Just when you thought your brain could unwind on a Friday, you realise that it would rather be challenged with some good old fashioned medical trivia FFFF, introducing the Funtabulously Frivolous Friday Five 158

Question 1

What disease is depicted in this Egyptian Stele and is only present in two countries in the world due to a WHO, Rotary International and the Bill and Melinda Gates Foundation vaccination campaign?

Reveal the funtabulous answer

Polio – seen here in Ruma the Priest

Pakistan and Afghanistan are the only two countries in the world where wild type polio can be found. If successful polio will become the third disease to be officially eradicated (Smallpox and Rinderpest being the first two) [Reference]


Question 2

As you are an avid reader of Thorax and have read the latest edition you warn your bagpiping neighbor of a new disease. What is it and what should they do?

Reveal the funtabulous answer

Bagpipe Lung

Hypersensitivity pneumonitis is an inflammatory lung disease mediated by an immunological response to an inhaled antigen (potentially moulds or fungus) and can progress to disabling or fatal lung disease

Wind instruments of any type could be contaminated with yeasts and moulds that act as a potential trigger and highlights the need for careful history taking and careful cleaning. [Reference]


Question 3

What is gleet?

Reveal the funtabulous answer

The watery whitish discharge that oozes from the urethra in gonorrhoea

Middle English (denoting mucus formed in the stomach): from Old French glette ‘slime, secretion’, of unknown origin. [Reference]


Question 4

What is a Smith fracture called in France?

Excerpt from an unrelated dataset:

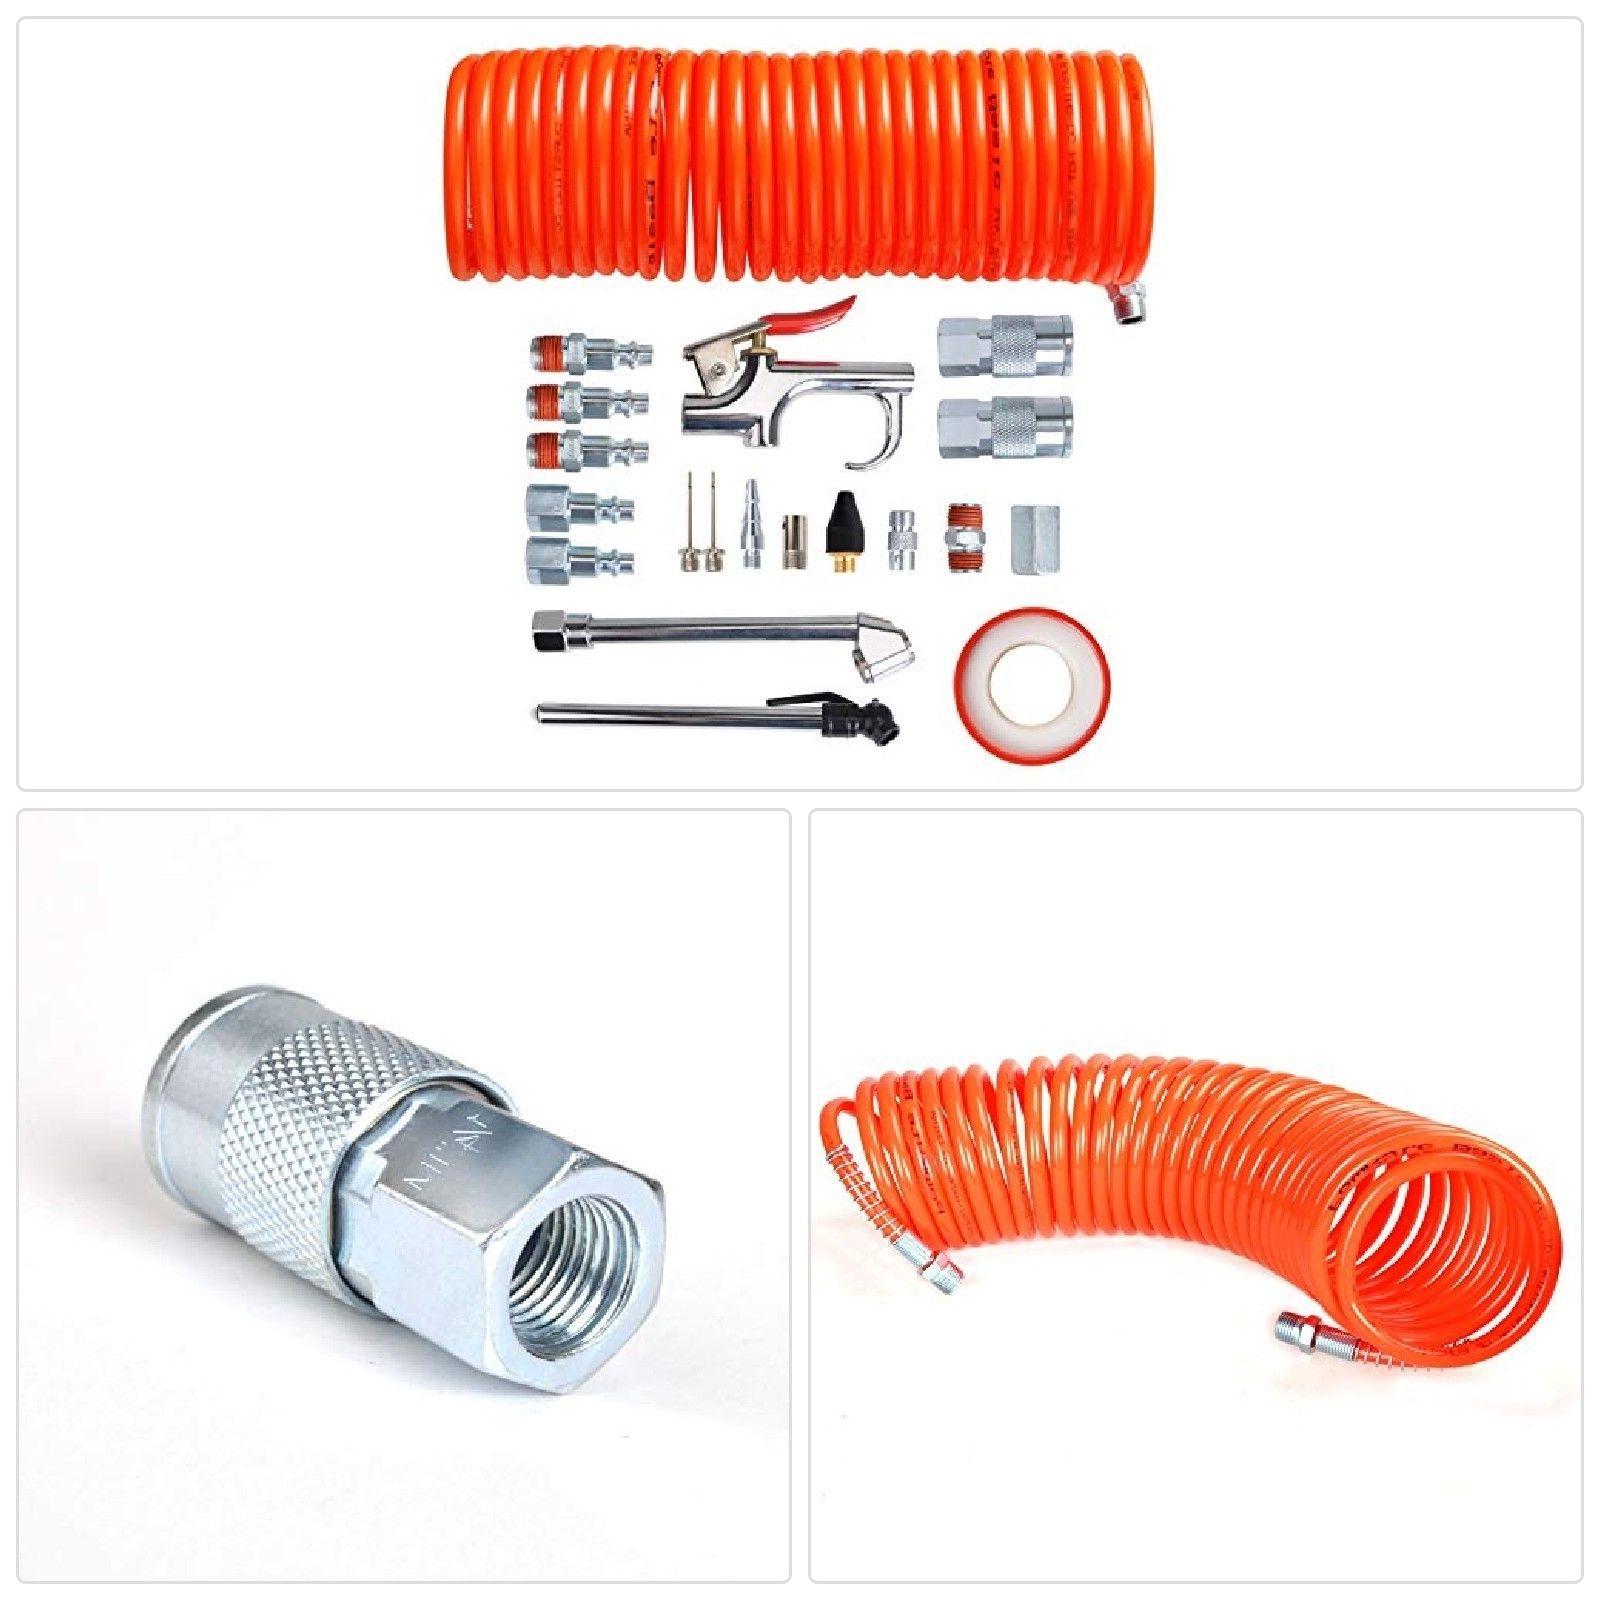 PowRyte 20-Piece Air Compressor Accessory Kit with Blow Gun

Smith fracture Goyrand fracture LITFL distal radius

Reveal the funtabulous answer

Goyrand Fracture

Named after the prominent French surgeon Jean-Gaspar-Blaise Goyrand (1803–1866) who clarified the anatomy of the many varieties of fractures of the distal radius.


Question 5

Who wrote in his autobiography:

…an autobiography is an ideal vehicle for self-promotion and subtle shafting of one’s enemies

Reveal the funtabulous answer

Struan Sutherland (1936-2002) was an Australian toxinologist and hydroponics expert who worked for CSL (before it became a private company). He led the research teams that produced the antivenom for the Funnel Web Spider and developed the pressure immobilisation bandaging method of first aid for both snake bites and for funnel web spider bites. He authored the legendary textbook ‘Australian Animal Toxins’ (the second edition was coauthored by Jim Tibballs). He was a colorful character who developed striatonigral degeneration in his later years.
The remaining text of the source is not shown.